Let us define some terminology. A cache can be expressed as a data array with  $N_R$  rows. Each row contains  $N_L$  cache lines, each line contains  $N_W$  words, and each word contains  $N_B$ bits. The cache size is  $N_R \times N_L \times N_W \times N_B$ bits.

#### 4.1 Bit Interleaving Scheme

SS-MBE can have multiple error bits in the same row, or the same column<sup>11)</sup>. We will now describe the interleaving scheme to deal with these kinds of errors.

## 4.1.1 Dealing with Horizontal MBE

Interleaving layout of words converts adjacent error bits in the same row into SBEs in different words. ECC-protected caches have used this technique to effectively reduce MBEs on the same ECC unit <sup>13),18)</sup>. We use the same technique in Zigzag-HVP to deal with horizontal MBE. The interleaved words in a row belong to different parity domains. **Figure 3**-a illustrates a simple example; two words are interleaved in each row and up to two bit errors can be tolerated ( $b_i^j$  indicates the *j*-th bit of the *i*-th word in a row).

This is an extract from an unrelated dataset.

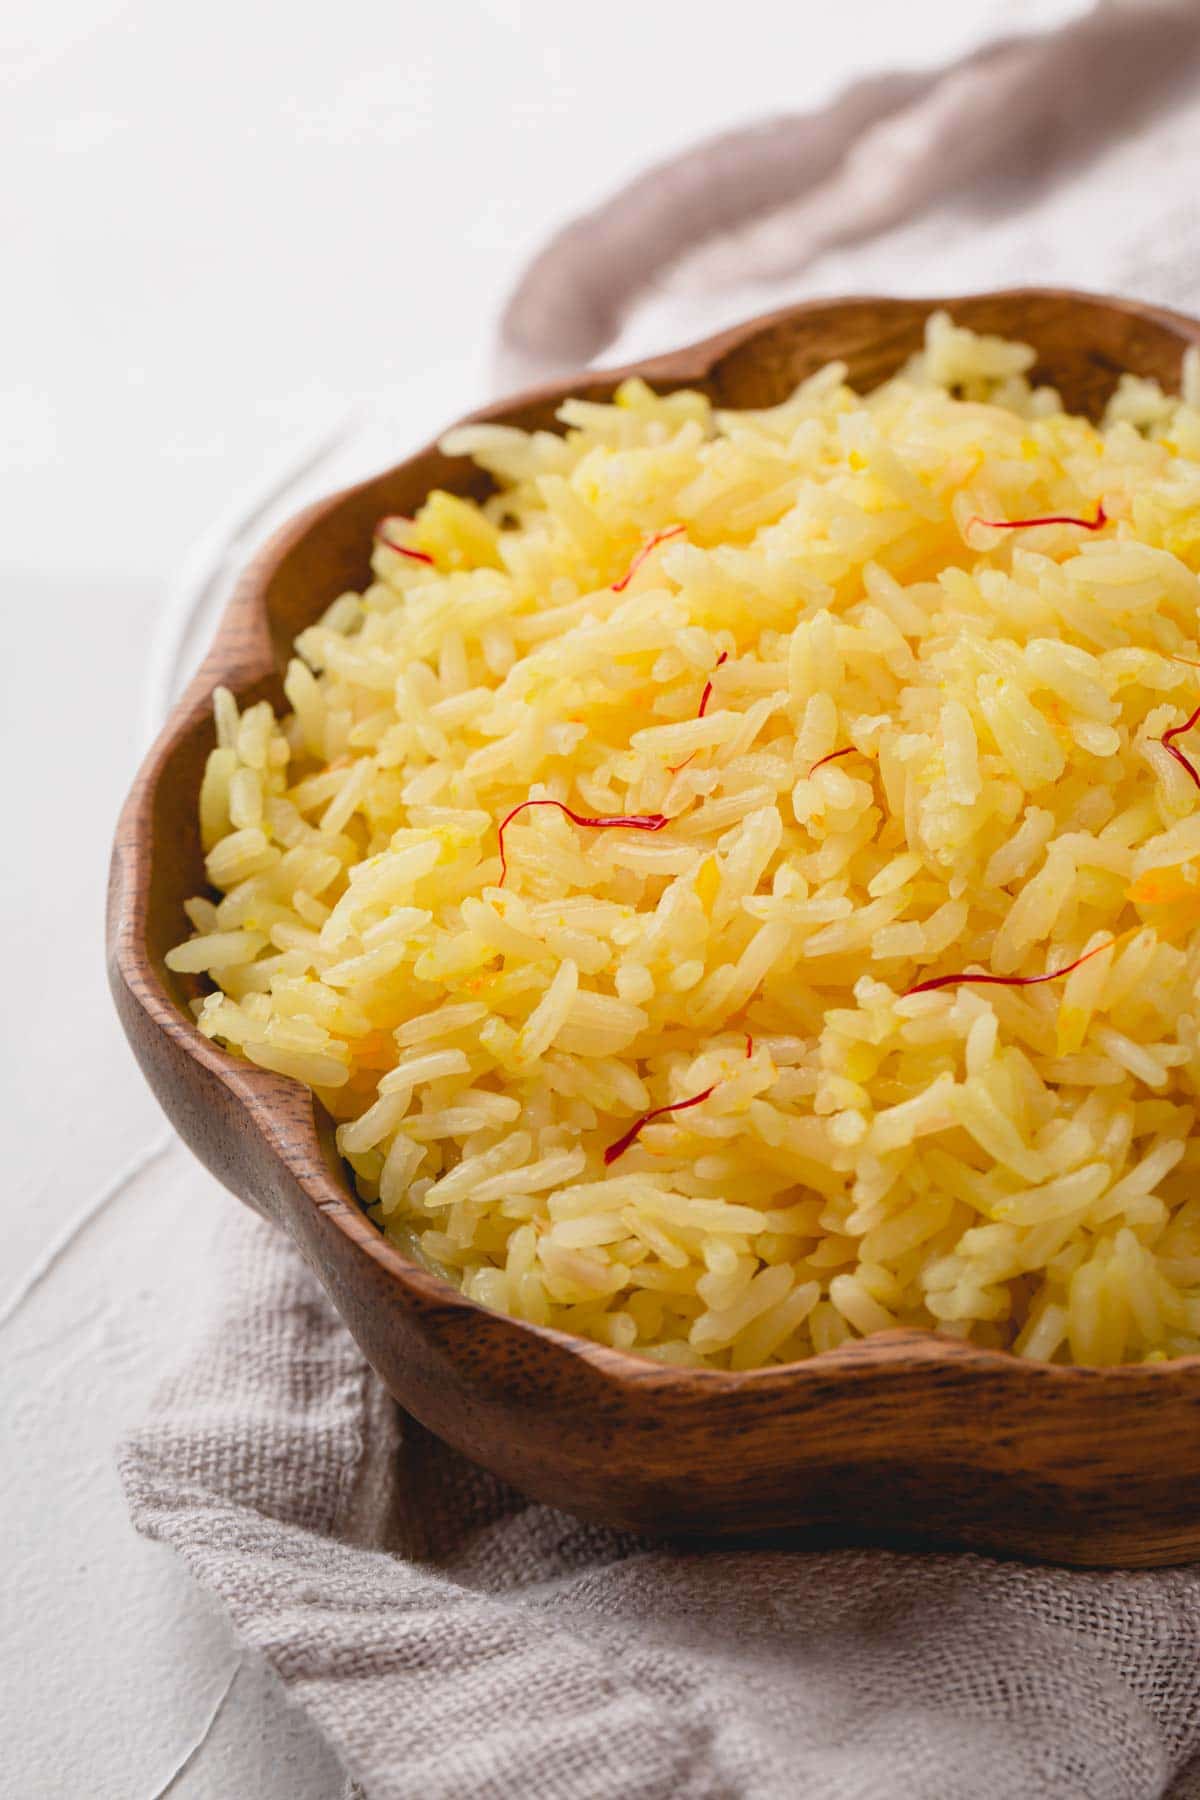 How to make: Braised rice with saffron
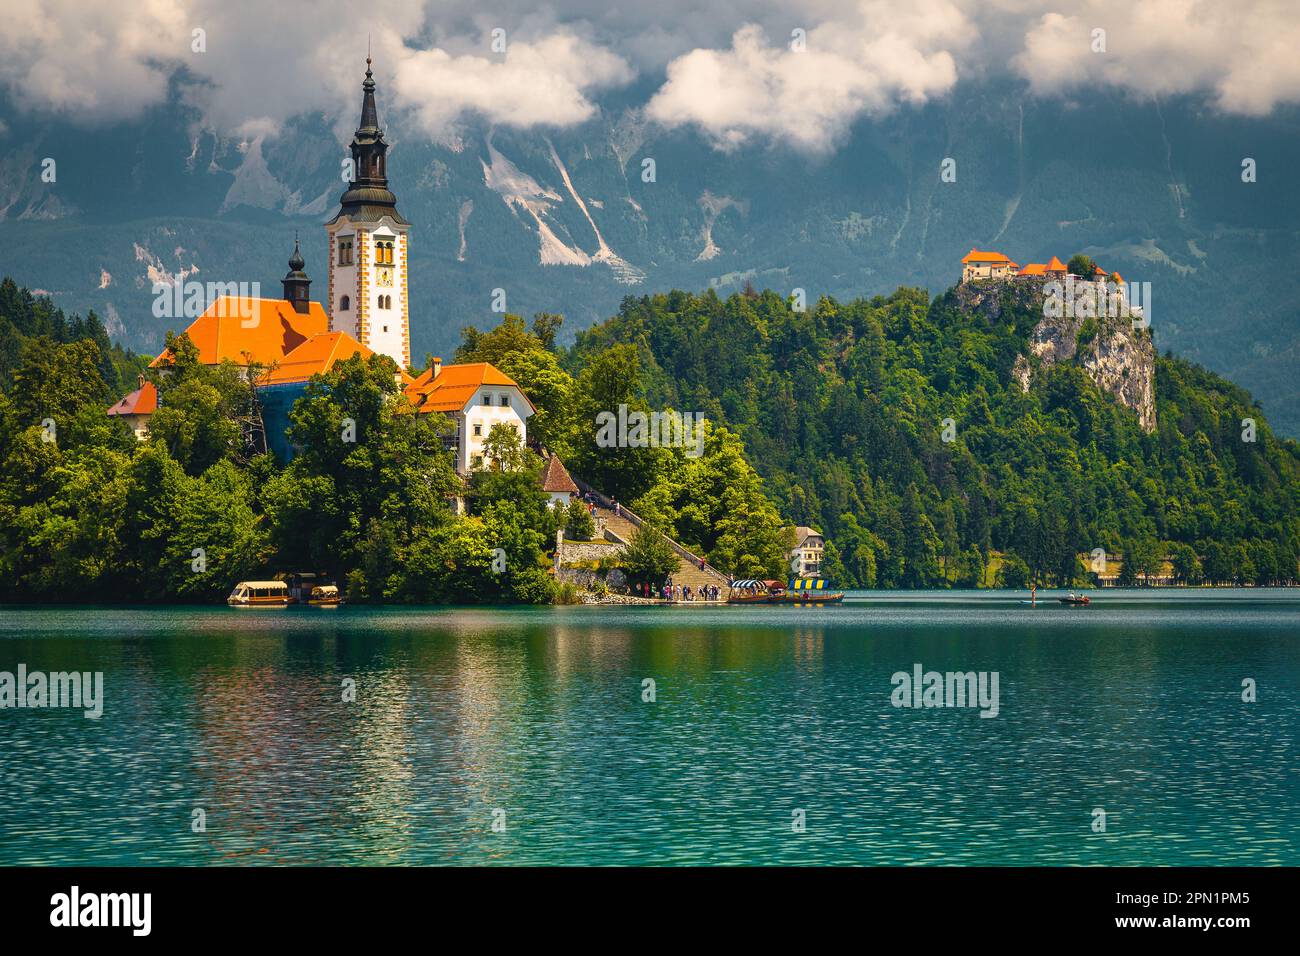 Popular travel destination and boat tours on the lake Bled. Majestic old church on the island and castle on the cliff, Bled, Slovenia, Europe Stock Photo

We must interleave at least d different words to tolerate up to d bit errors. In a typical SRAM design, several neighbor bits in the same row share a sense amplifier, from which only one bit is multiplexed and amplified in an access. We have two possible options in choosing how to interleave words horizontally. If the number of cache lines in each row  $N_L$  is larger than or equal to d, we should interleave words from different cache lines. In this case, the words belonging to a cache line can be accessed at once, which is preferred for line-based cache operations such as line replacements or cache refills. If  $N_L$  is smaller than d (possible in small caches), the interleaved word could be selected from the same line. In this case, reading a whole cache line requires several cache accesses since an access can only read a subset of words of the cache line.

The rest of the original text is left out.